Pada usia dua puluh tahun, Lie fasih berbahasa Sunda dan bahasa Melayu; ia juga fasih berbicara dalam bahasa Belanda, suatu hal yang jarang untuk etnis Tionghoa pada waktu itu.[10] Lie assisted van der Linden di sekolah misionaris, dan pada pertengahan 1870an, ia mengoperasikan sebuah sekolah umum untuk anak-anak Tionghoa yang miskin. Ia juga bekerja pada tempat percetakan milik misionaris, Zending Press, dengan gaji empat puluh gulden per bulan sementara ia menjabat sebagai penyunting dua majalah keagamaan, mingguan berbahasa Belanda De Opwekker dan dwiminggu berbahasa Melayu Bintang Djohor.[11] Ia menikahi Oey Pek Nio, yang berjarak tujuh tahun, pada 1876.[12]

 
Sampul Sair Tjerita Siti Akbari, syair pertama yang diterbitkan oleh Lie

Anak tersebut wafat pada 1886.[13] Lie menerbitkan buku pertamanya pada 1884. Dua diantaranya, Kitab Edja dan Sobat Anak-Anak, diterbitkan oleh Zending Press.

Ia juga menulis karya opini di berbagai surat kabar, termasuk Bintang Betawi dan Domingoe.[14]

Yang terakhir adalah novel pertamanya, Tjhit Liap Seng.[15] Novel tersebut menceritakan tentang sekelompok orang terdidik di daratan utama Tiongkok, Tjhit Liap Seng yang dianggap sebagai novel Tionghoa Melayu pertama.[16]

Lie melanjutkan penerbitan 5 novel yang berlatar belakang Tiongkok sampai 1887. Beberapa kisahnya berdasarkan pada cerita-cerita Tiongkok yang diceritakan oleh teman-temannya yang dapat berbicara dalam bahasa Mandarin.[17]

Tiong Hoa Hwe Koan, penerjemahan, dan kematian

Pada tahun 1890, Lie mulai bekerja di sawah yang dioperasikan oleh temannya Tan Wie Siong sebagai seorang petinggi

Pada tahun berikutnya, ia menikahi Tan Sioe Nio, juniornya yang berumur dua puluh tahun.

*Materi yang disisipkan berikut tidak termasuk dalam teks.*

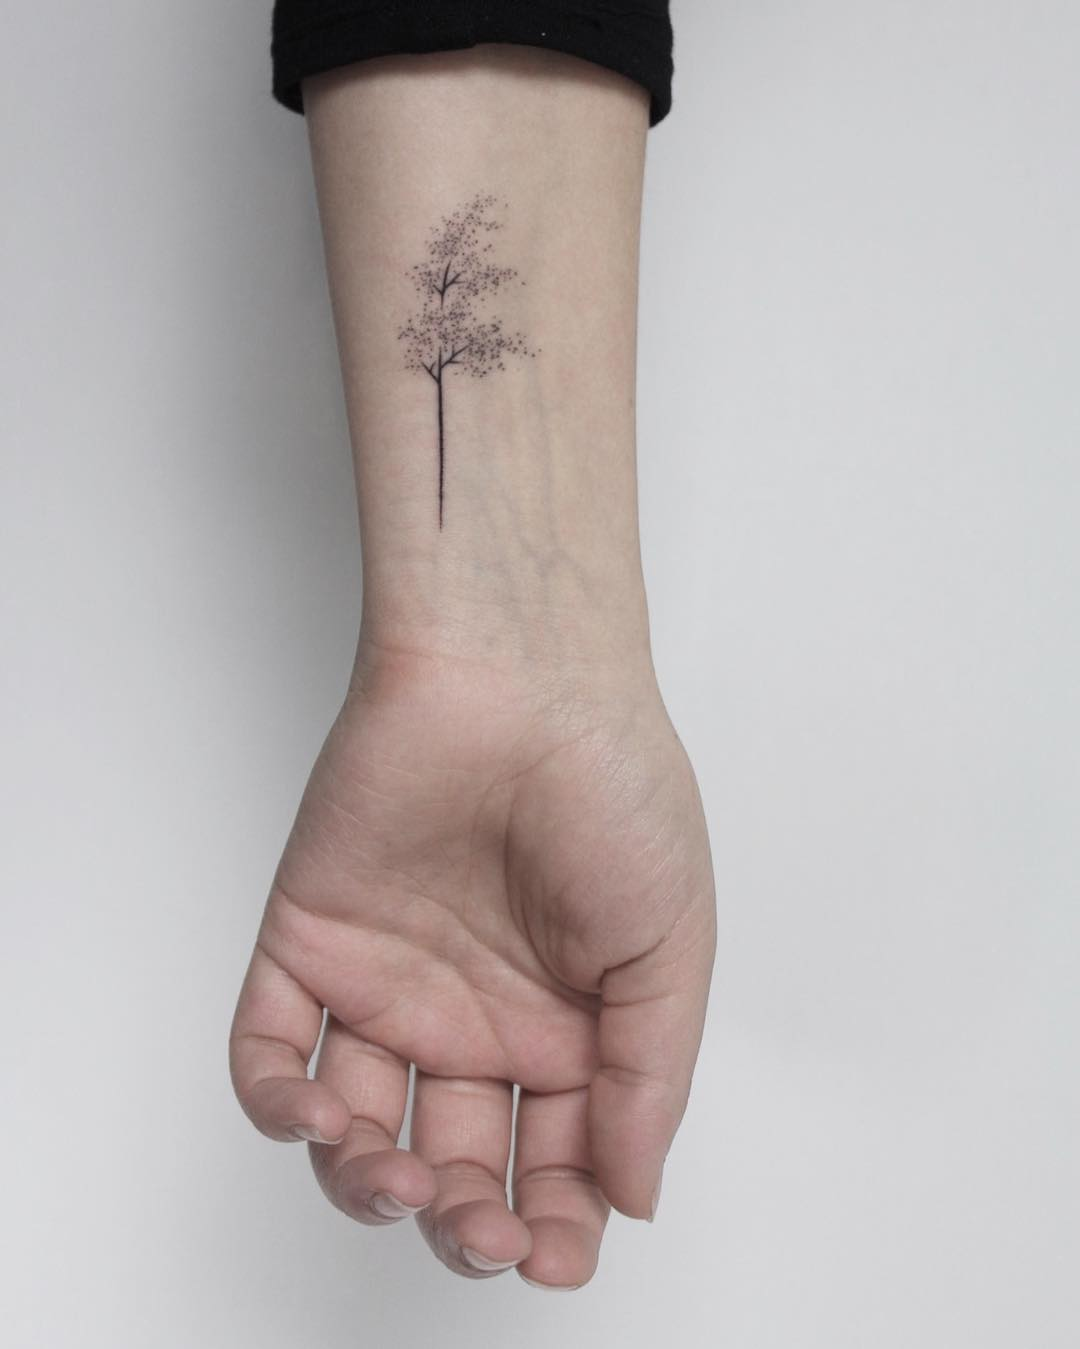 Hand-poked windy tree tattoo by Lara Maju

Ia mendorong Lie agar kembali melakukan penerjemahan, bahasa Belanda ke bahasa Melayu atau sebaliknya. Terkadang ia menerjemahkan surat tanah atau dokumen sah lainnya. Di lain waktu, ia menerjemahkan karya-karya sastra.[18] Karya-karya tersebut meliputi De Graaf de Monte Cristo, sebuah terjemahan dari Le Comte de Monte-Cristo pada tahun 1894 karya Alexandre Dumas, yang ia selesaikan dalam kerjasamanya dengan jurnalis Indo F. Wiggers.[15]

 
Bekas teman sekolah Lieyang bernama Phoa Keng Hek, salah satu pendiri Tiong Hoa Hwe Koan

Dengan sembilan belas orang beretnis Tionghoa lainnya, termasuk bekas teman sekolah-nya yang bernama Phoa Keng Hek, Lie adalah seorang pembentukan keanggotaan sistem sekolah dan organisasi sosial Tiong Hoa Hwe Koan (THHK) pada tahun 1900.[19] Berusaha untuk memperjuangkan hak asasi etnis Tionghoa pada waktu itu ketika mereka dianggap sebagai warga kelas dua[b] dan menetapkan standardisasi pendidikan formal kepada para pelajar beretnis Tionghoa dimana Belanda tidak melakukannya, organisasi tersebut berdasarkan pada pengajaran Konghucu dan sekolah-sekolah yang terbuka untuk laki-laki dan perempuan. THHK bergerak cepat dan masuk ke dalam bidang-bidang yang berbeda, dan Lie membantu pembentukan kelompok debat, kelompok olahraga, dan acara amal dan konser.[20] Dari 1903 sampai 1904 Lie menjadi anggota pada badan tersebut, utamanya bertugas sebagai bendaharanya.[21]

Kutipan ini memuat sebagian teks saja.